The part of a premium set aside by the insurance company to be used for future claims is known as

Reserves (A company's reserve should be equal to the amount that will exactly equal all of the company's contractual obligations. )

Shifting a risk to another party, such as an insurance company in the case of an accident, is best known as

Risk transference (By transferring risk to an insurance company, costs resulting from an insured's future risks are paid by the insurer, and in exchange, the insurer charges a monthly premium (payment) to the insured. )

In the event an insurance company becomes insolvent, this type of association ensures unpaid claims will be paid for covered policyowners?

State Guaranty Association ( Compared to the Federal Deposit Insurance Corporation (FDIC), Guaranty associations protect claimants, policyholders, annuitants, and creditors form insolvent insurers by funding the payments of claims and other related policy benefits. )

Which of the following insurers is best defined as a non-participating company?

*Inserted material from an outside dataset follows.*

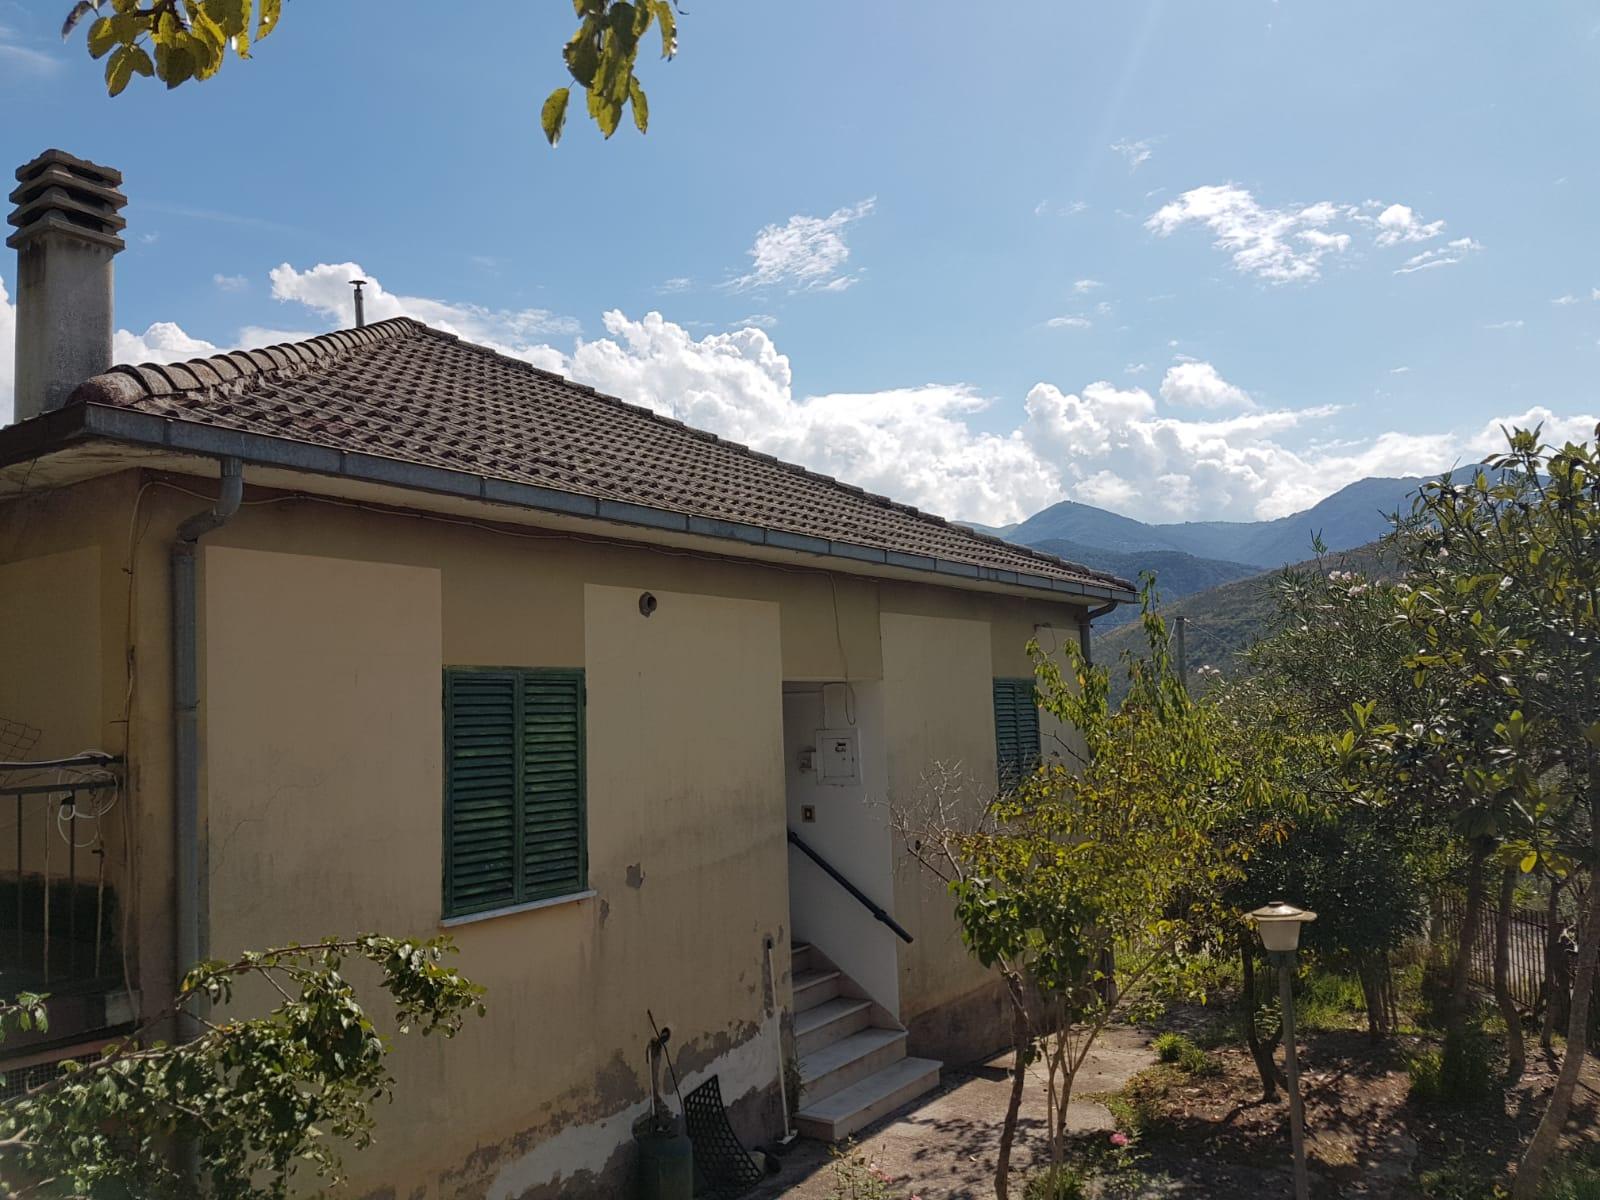 Soluzione Indipendente in vendita a Santopadre, 6 locali, zona Zona: Ciaiali, prezzo € 58.000 | CambioCasa.it

Stock (A stock insurer is considered to be a non-participating company because the insured policyowners do not own the company nor do they receive any dividends it returns. Stock insurers do not issue participating policies )

Loss Ratio is defined as:

The ratio between company losses and company revenue that determines an insurance company's revenues that must be maintained to cover annual claims by its policyowners.

What is the operating objective of a stock insurance company?

To make a profit for its stockholders (A stock insurance company is a private insurance organization whose main purpose is to make a profit for its stockholders. )

When an agent persuades a client to cancel his or her current coverage for a policy from an entirely different company solely to produce another first year commission is called?

Twisting (Twisting is the practice of inducing a policyowner through misrepresentation to forfeit or change insurance from one company to another in order to gain commission for an agent or agency. )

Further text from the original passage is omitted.